Distributed Symmetric Key Establishment: A scalable, quantum-proof key distribution system
Hoi-Kwong Lo, Mattia Montagna, Manfred von Willich
TL;DR
DSKE addresses scalable, information-theoretic key distribution in a quantum-safe setting by distributing trust across multiple untrusted Security Hubs and using pre-shared random data (PSKM) to distill secret keys for arbitrary client groups. The protocol hinges on four phases (PSKM generation/distribution, peer identity establishment, key agreement via $(n,k)$ secret sharing, and key validation) and leverages Shamir secret sharing or a simple XOR variant to ensure confidentiality even if some hubs are compromised. A security analysis introduces leakage, injection, malleability, and disruption thresholds, and an adaptation reduces bandwidth while preserving robustness.

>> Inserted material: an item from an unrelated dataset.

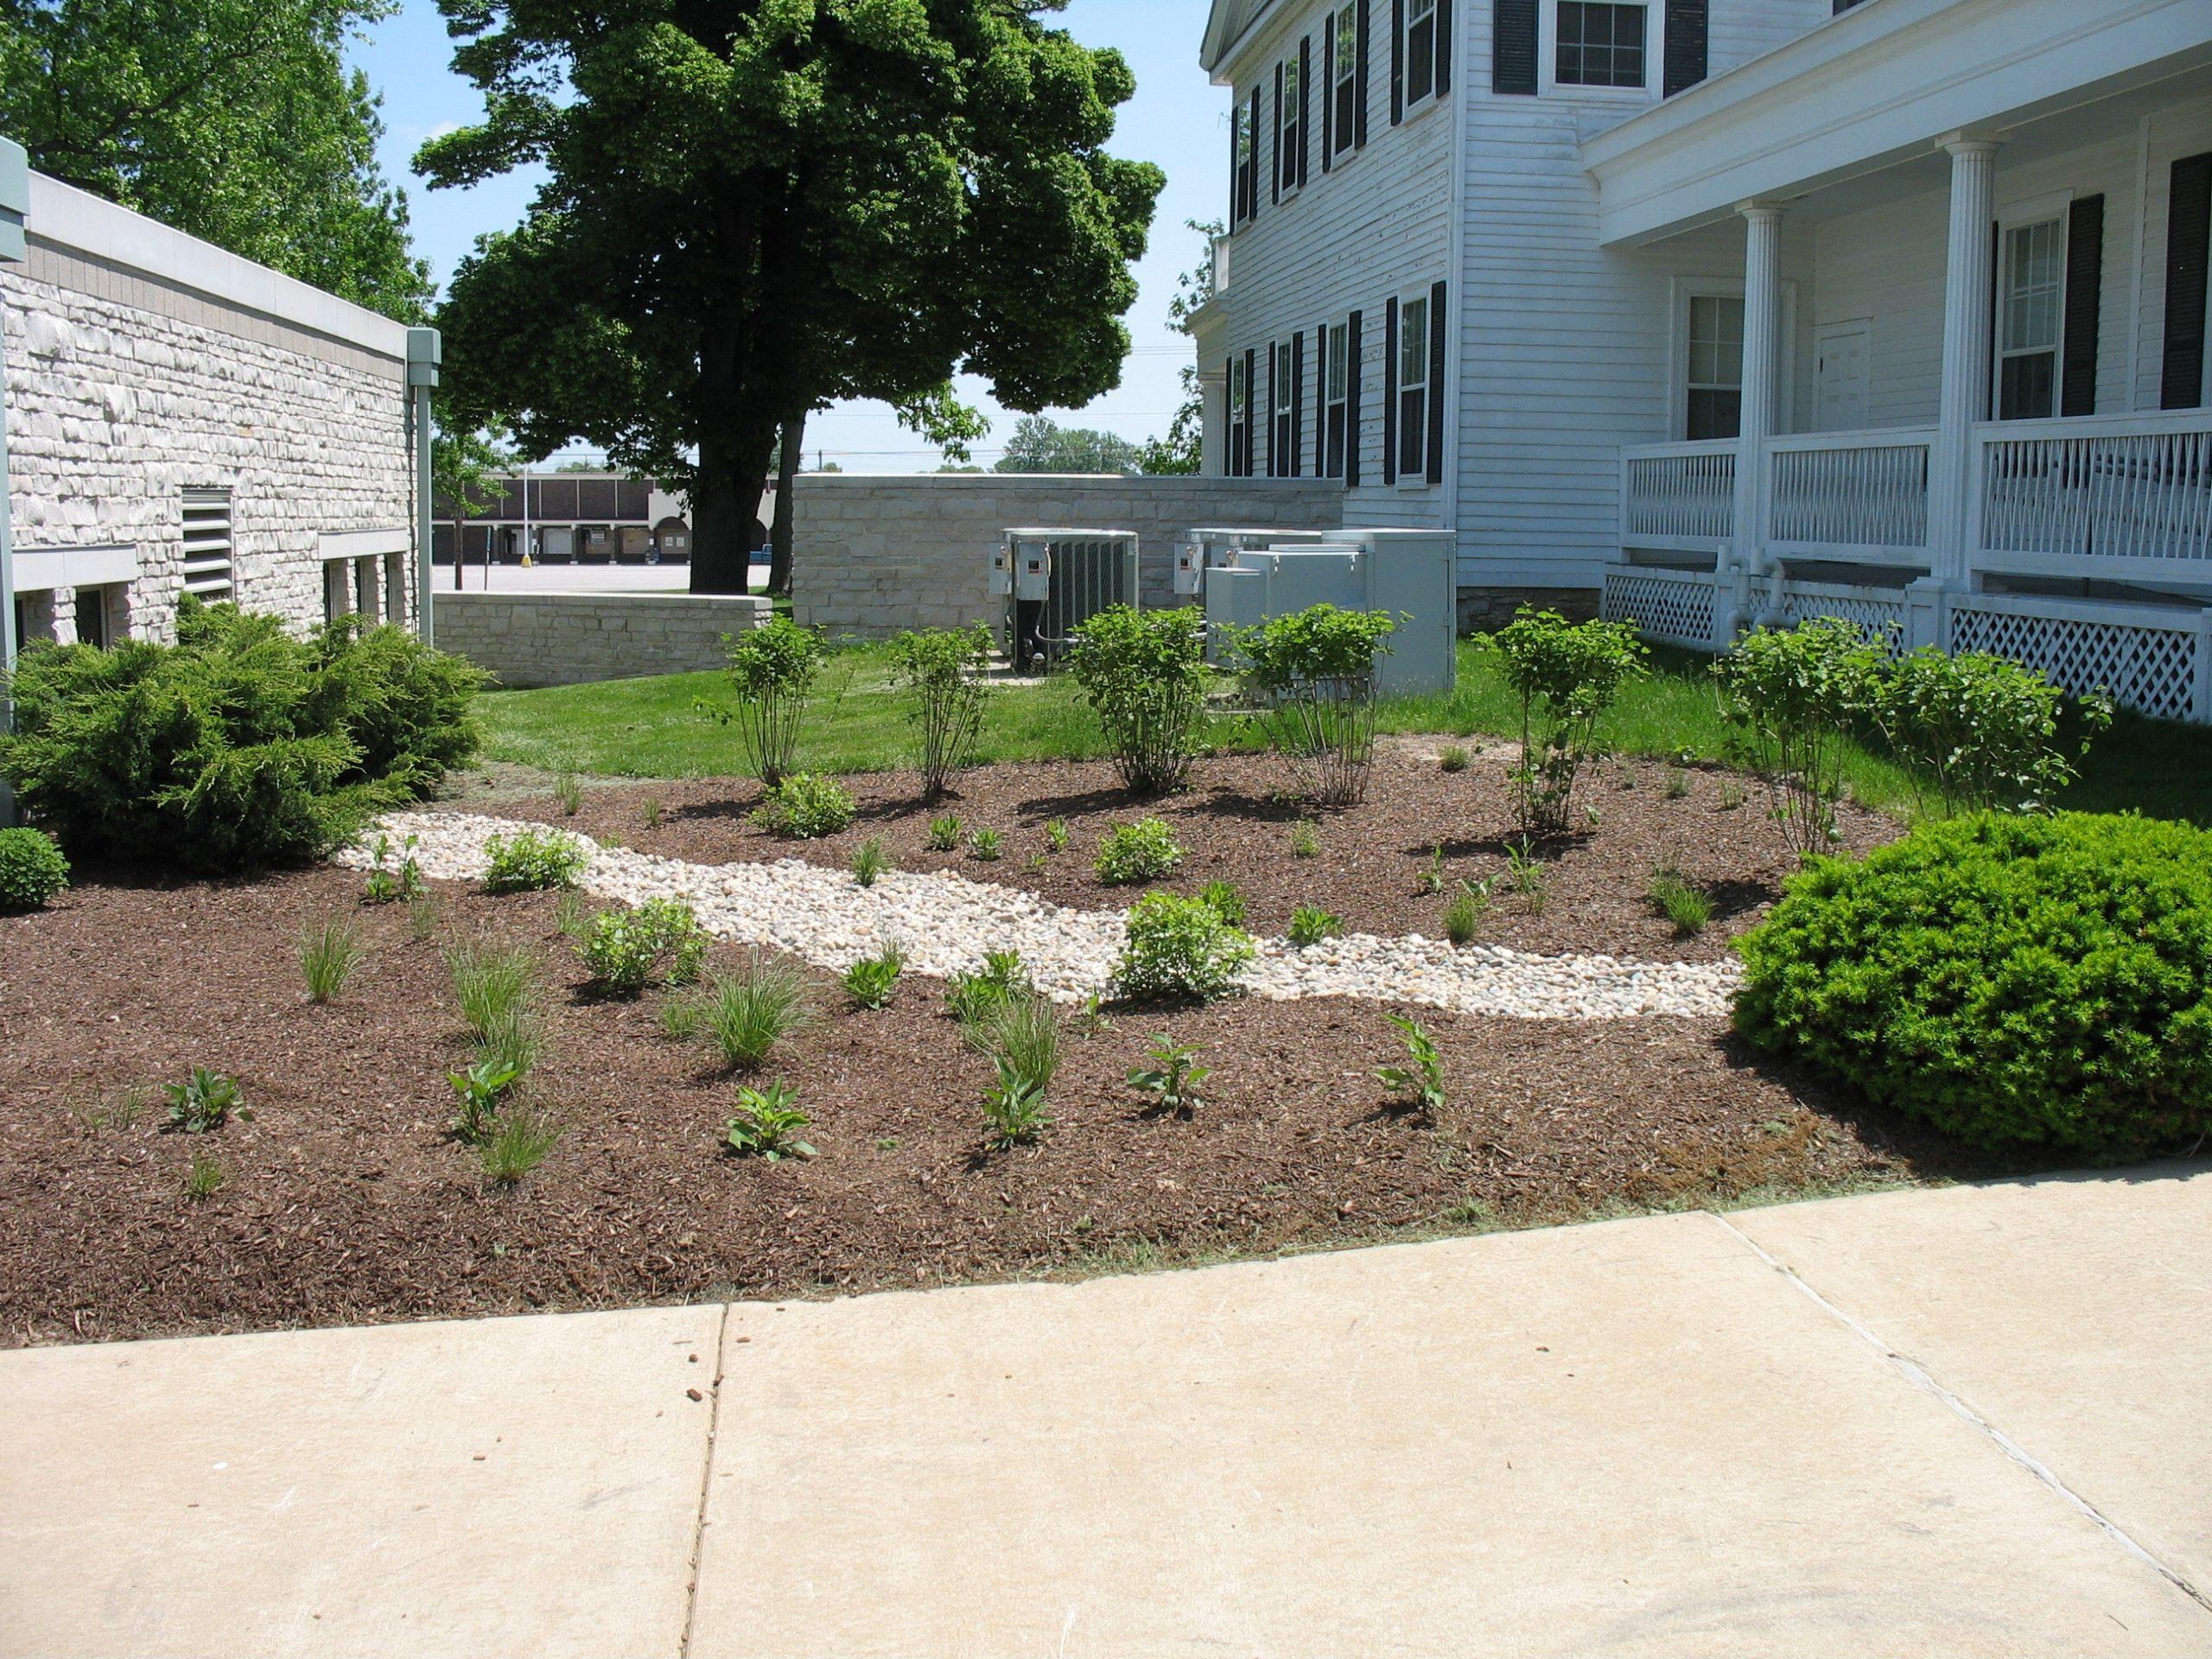 Newly planted rain garden at school

A prototype demonstrates feasibility with 8 Mbit keys and throughput above 50 Mbit/s in a VPN setting across AWS nodes, highlighting practical viability for quantum-secure key distribution in current networks and IoT ecosystems.
Abstract
We propose and implement a protocol for a scalable, cost-effective, information-theoretically secure key distribution and management system. The system, called Distributed Symmetric Key Establishment (DSKE), relies on pre-shared random numbers between DSKE clients and a group of Security Hubs. Any group of DSKE clients can use the DSKE protocol to distill from the pre-shared numbers a secret key. The clients are protected from Security Hub compromise via a secret sharing scheme that allows the creation of the final key without the need to trust individual Security Hubs. Precisely, if the number of compromised Security Hubs does not exceed a certain threshold, confidentiality is guaranteed to DSKE clients and, at the same time, robustness against denial-of-service (DoS) attacks. The DSKE system can be used for quantum-secure communication, can be easily integrated into existing network infrastructures, and can support arbitrary groups of communication parties that have access to a key. We discuss the high-level protocol, analyze its security, including its robustness against disruption. A proof-of-principle demonstration of secure communication between two distant clients with a DSKE-based VPN using Security Hubs on Amazon Web Server (AWS) nodes thousands of kilometres away from them was performed, demonstrating the feasibility of DSKE-enabled secret sharing one-time-pad encryption with a data rate above 50 Mbit/s and a latency below 70 ms.